Lili Marlene

In the early 1940’s, when German-controlled Radio Belgrade began playing the song “Lili Marlene” every night just before signing off, the result was a spontaneous and shared experience. The station’s signal could be received throughout Europe and around the Mediterranean Sea. One can imagine that young men so far from home felt comforted knowing their families — and their enemies — were all listening to the same song at the same time. They might have also realized that hearing the song meant that they had survived another day. Certainly the traumatic experience of war must have heightened the song’s meaning. But writers Liel Leibovitz and Matthew Miller found that the melody itself had staying power.
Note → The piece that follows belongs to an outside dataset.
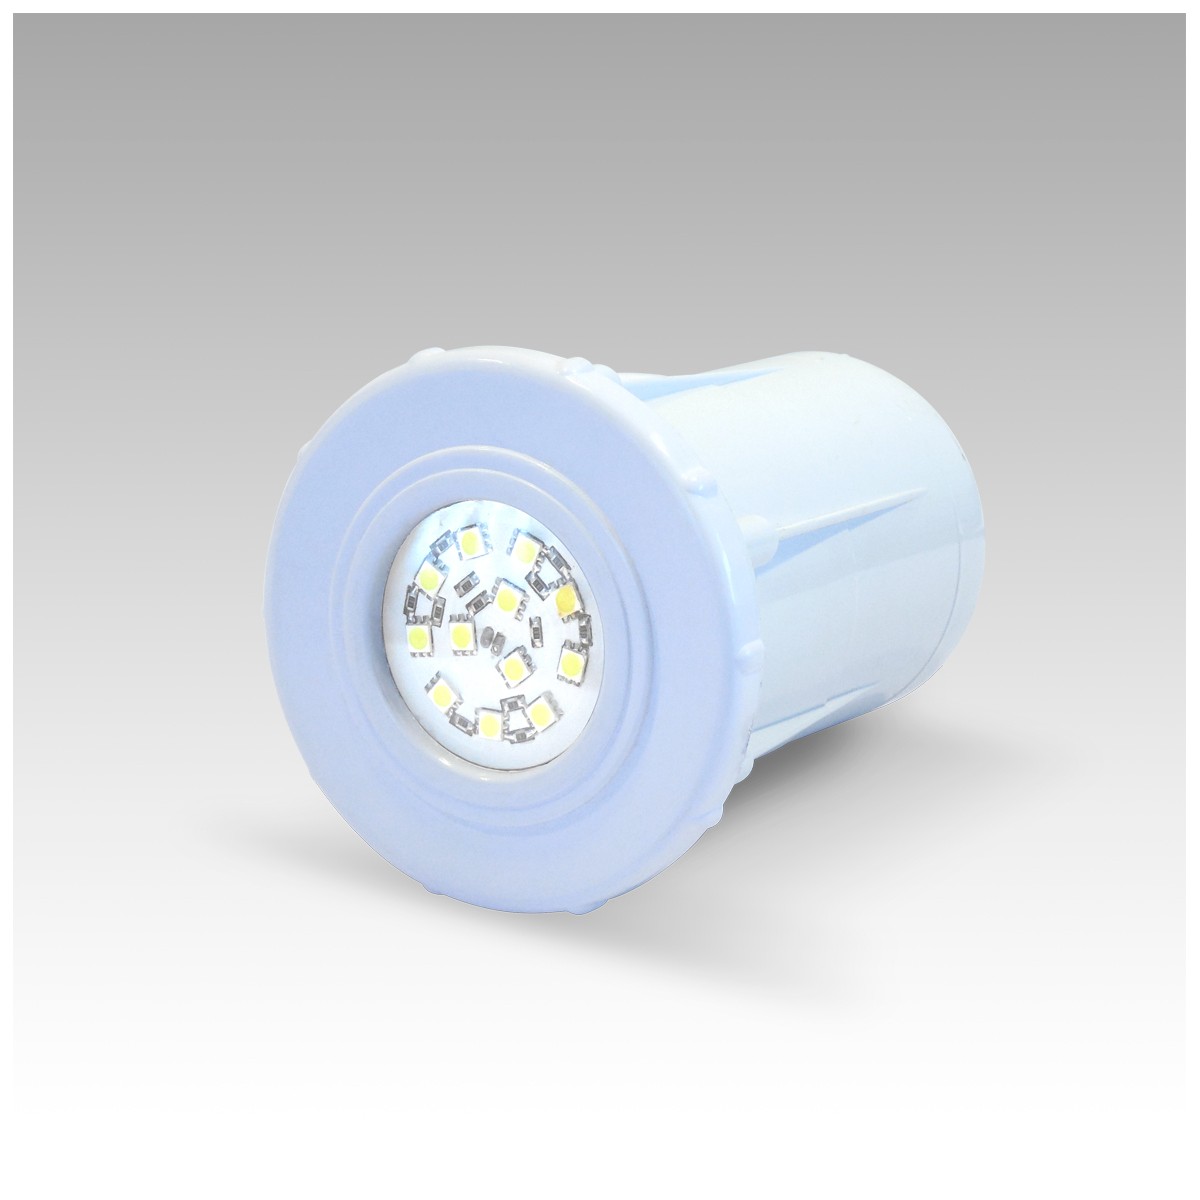 Luminaria spot blanco LED B-12 Hormigon

On the website for Lili Marlene: The Soldier’s Song of World War II, Leibovitz and Miller have collected several version of “Lili Marlene,” some of them recorded very recently. Click here to listen.

– Geoffrey

One Reply to “Lili Marlene”

  1. Dear Bob,

    Thank you for your excellent features on Bob Edward’s Weekend. This weekend the Lili Marlene piece and the discussion of "The Reader" held a special interest for me. My father was French and was in France during WWII. My husband was Jewish and born in Germany, barely getting out with his family in 1939 when he was 8 years old I had heard stories of the song and heard it many times. I listened to several of the versions posted on the web site. I am a potter and I try to be in my studio during your program to work on my pieces as I listen. Thank you for informing and enlightening me as I work.